## DATA LISTING
BEGIN

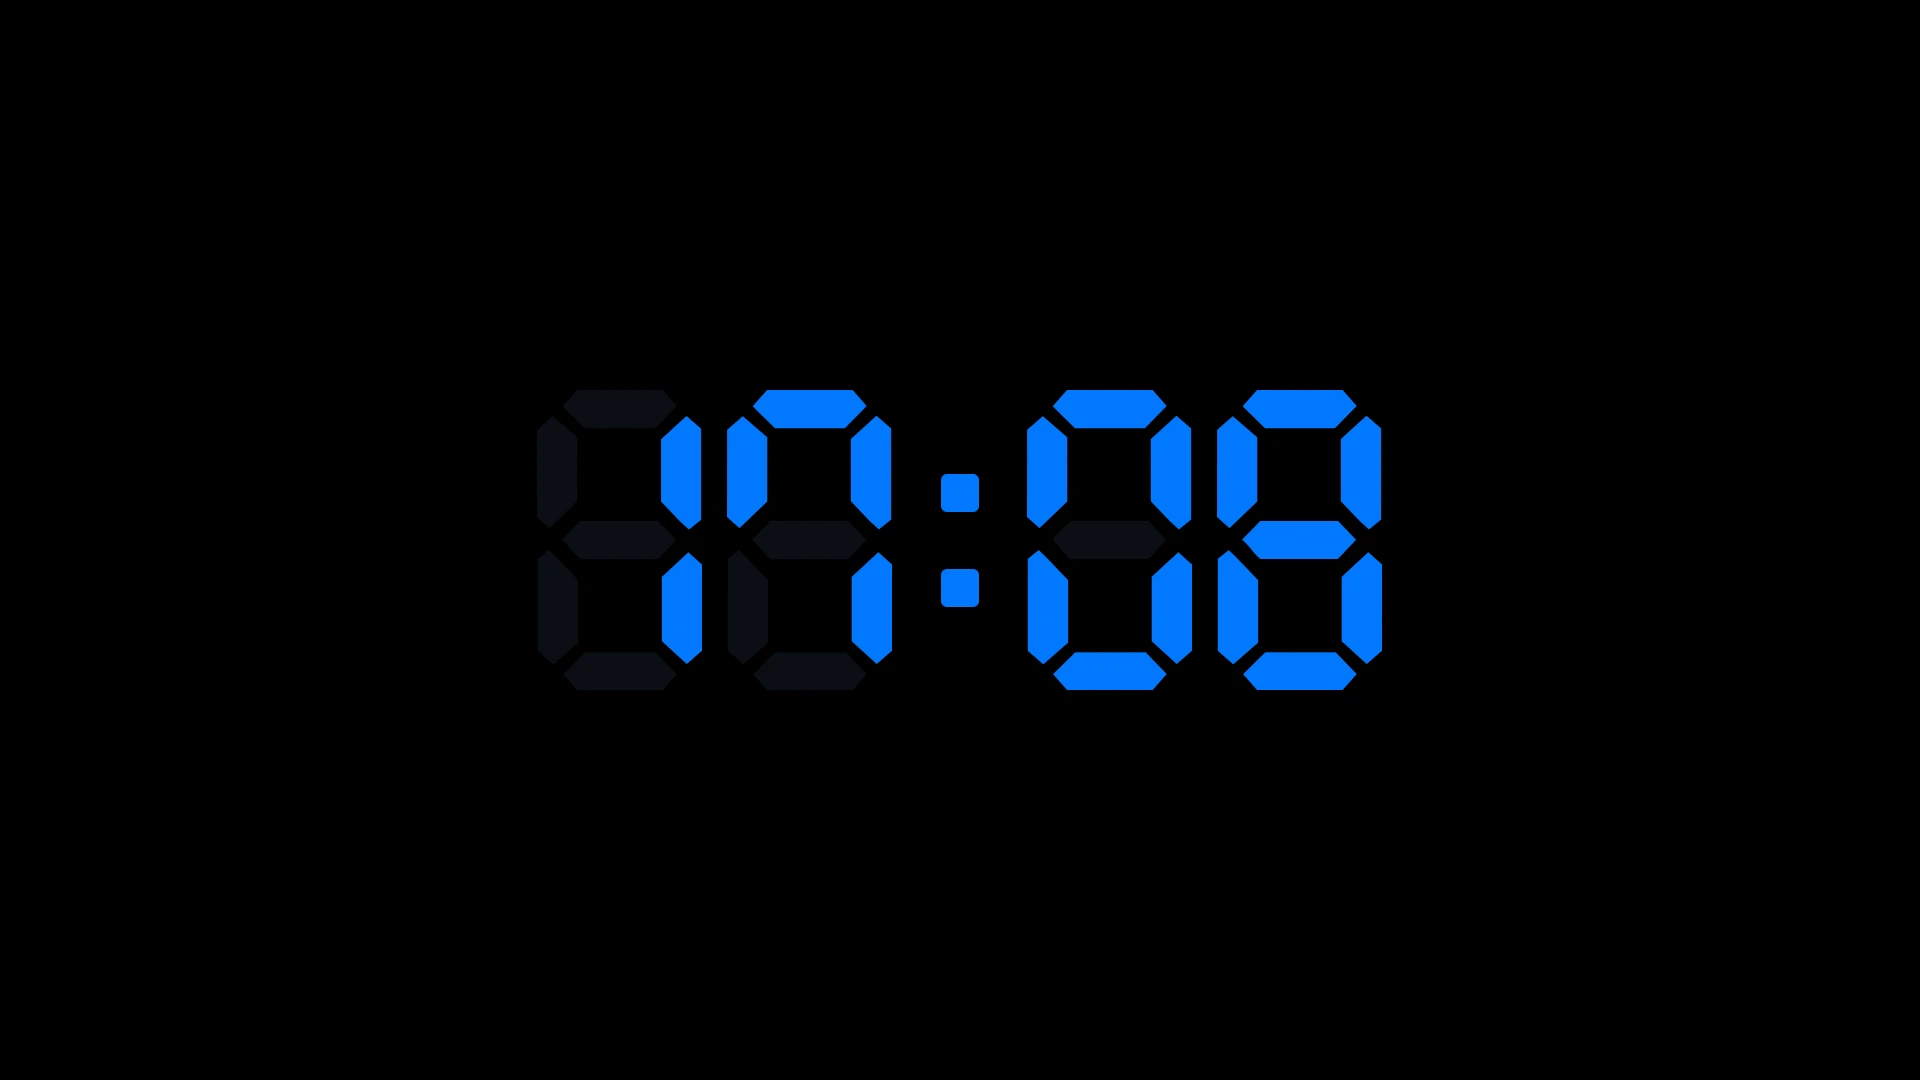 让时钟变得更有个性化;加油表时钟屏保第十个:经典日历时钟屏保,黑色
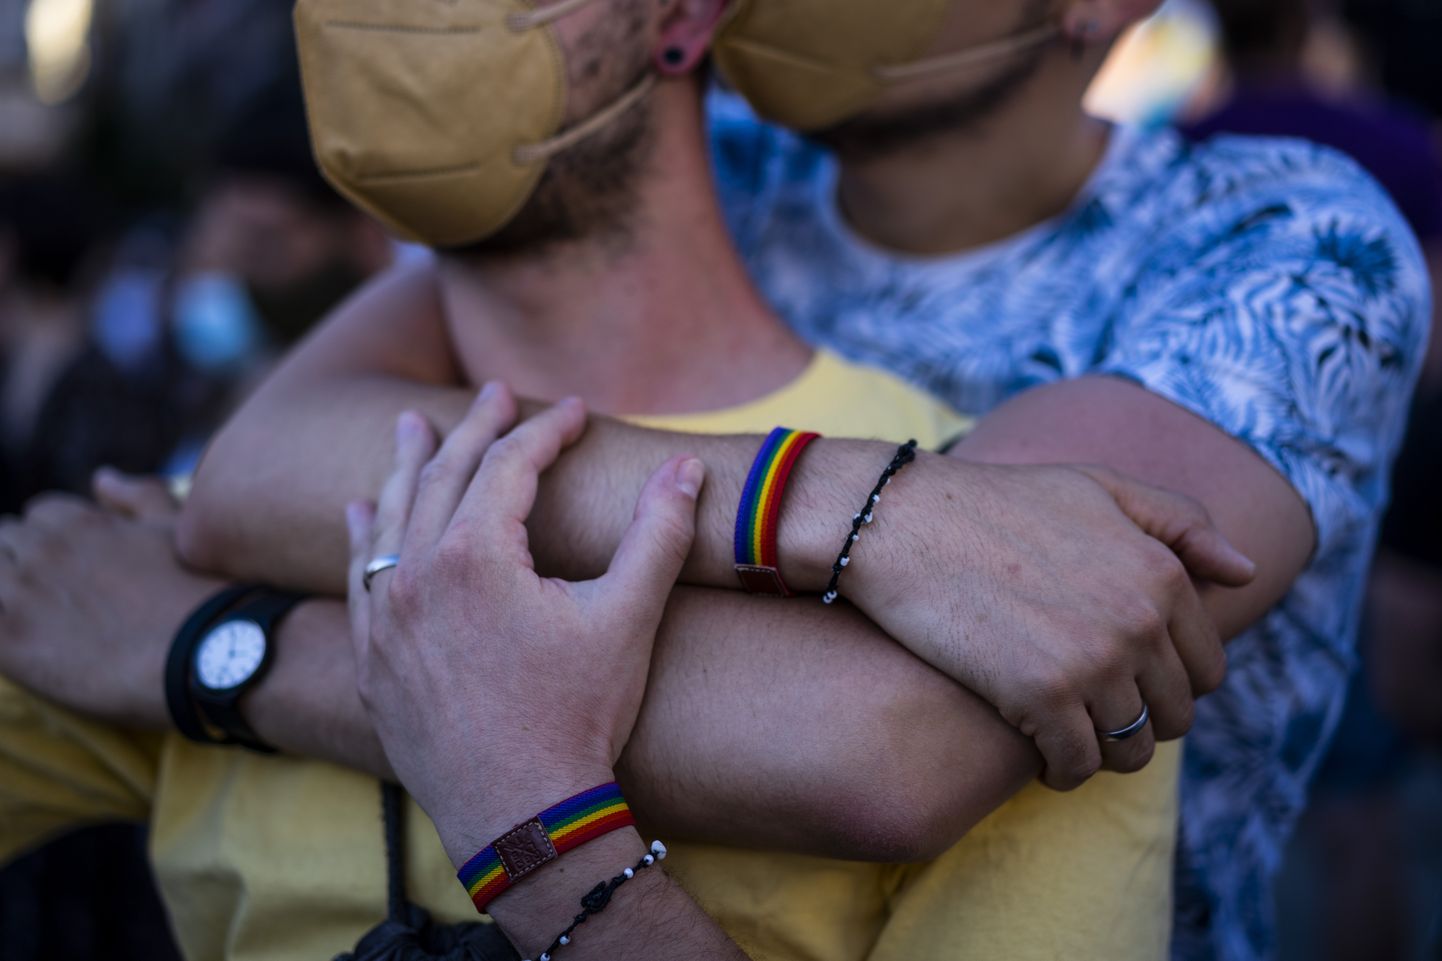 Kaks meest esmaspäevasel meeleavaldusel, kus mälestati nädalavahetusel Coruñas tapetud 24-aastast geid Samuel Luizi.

END
BEGIN

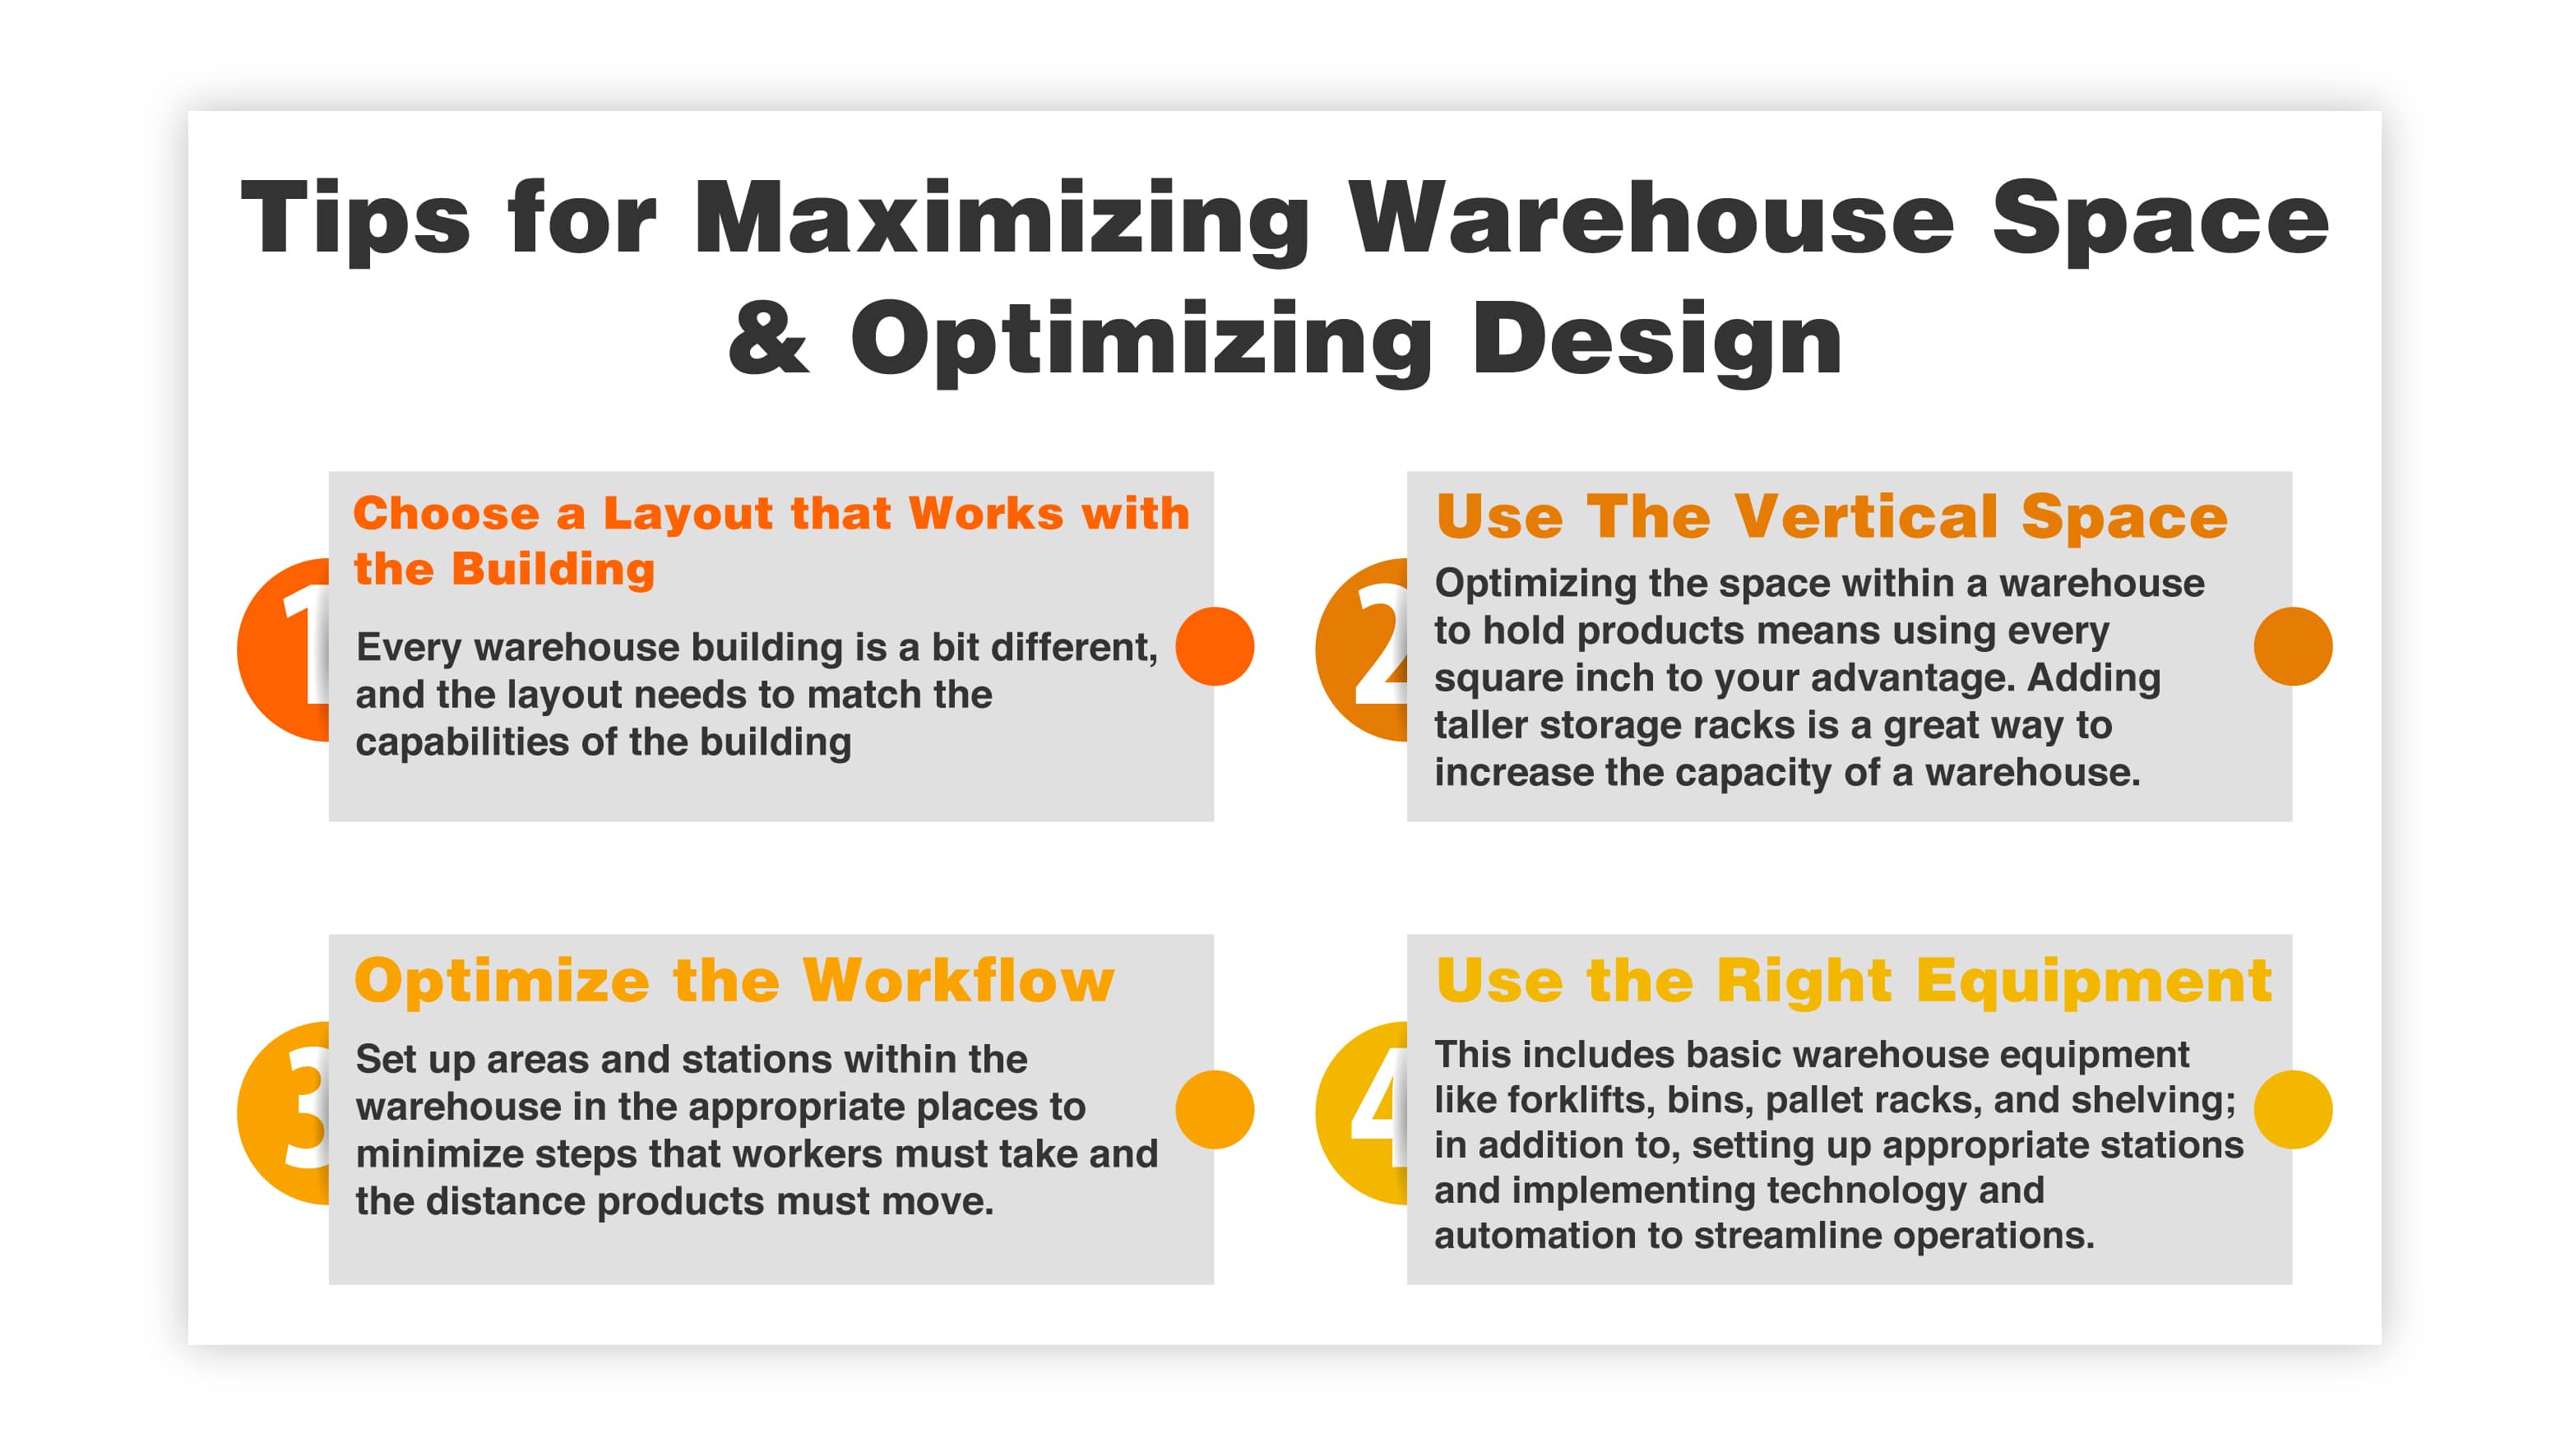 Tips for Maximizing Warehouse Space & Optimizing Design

END
BEGIN

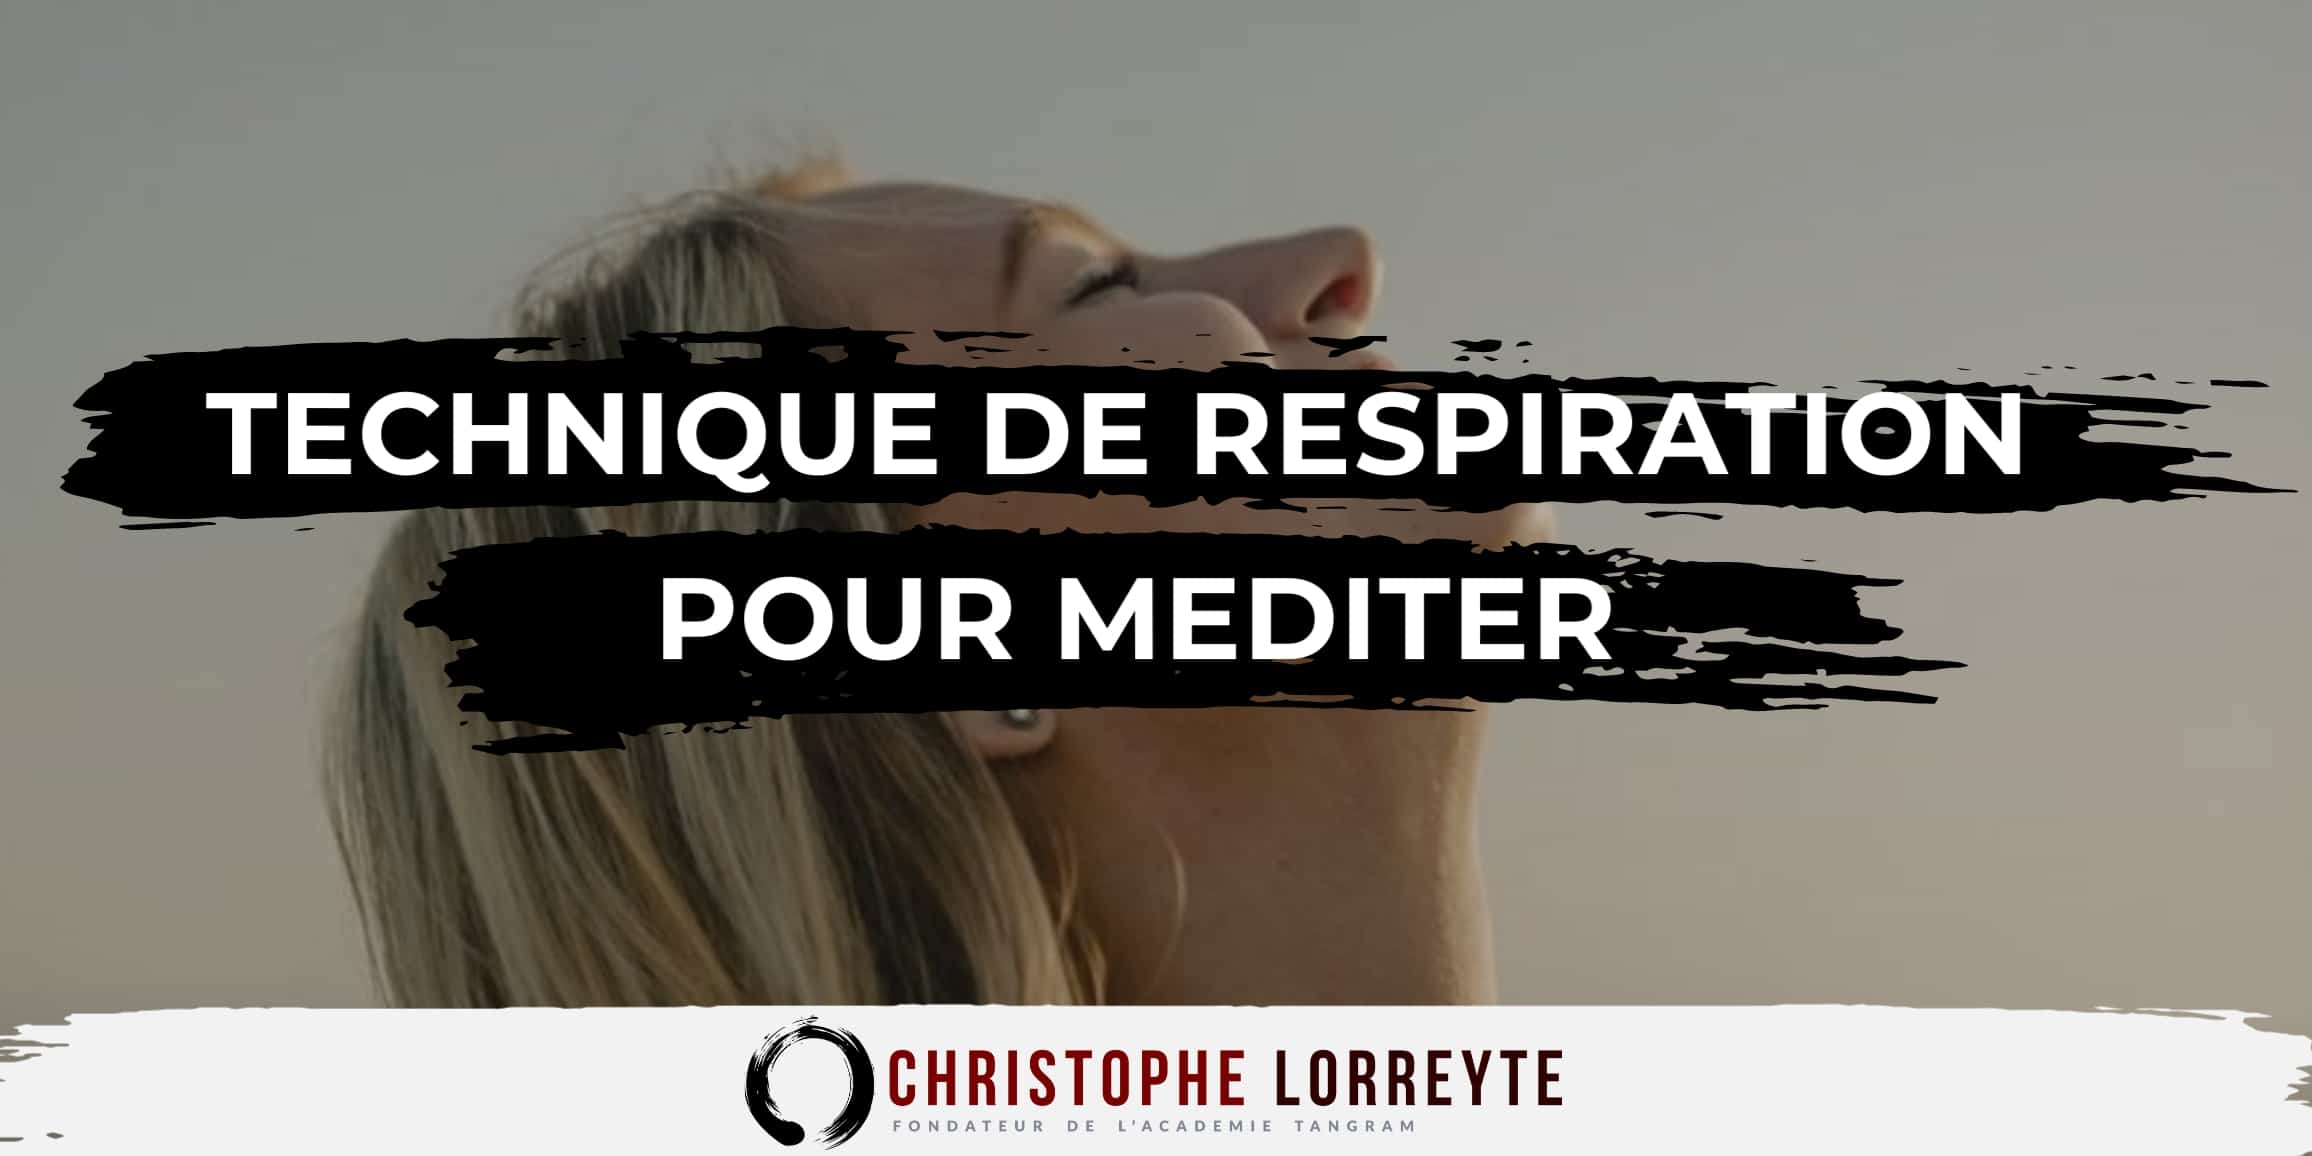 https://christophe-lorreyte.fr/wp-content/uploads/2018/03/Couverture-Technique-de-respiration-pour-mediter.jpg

END

Everything from the line with "让时钟变得更有个性化;加油表时钟屏保第十个:经典日历时钟屏保,黑色" through the line with "Kaks meest esmaspäevasel" in the material above should be transcribed exactly, except the pictures.

 让时钟变得更有个性化;加油表时钟屏保第十个:经典日历时钟屏保,黑色
 Kaks meest esmaspäevasel meeleavaldusel, kus mälestati nädalavahetusel Coruñas tapetud 24-aastast geid Samuel Luizi.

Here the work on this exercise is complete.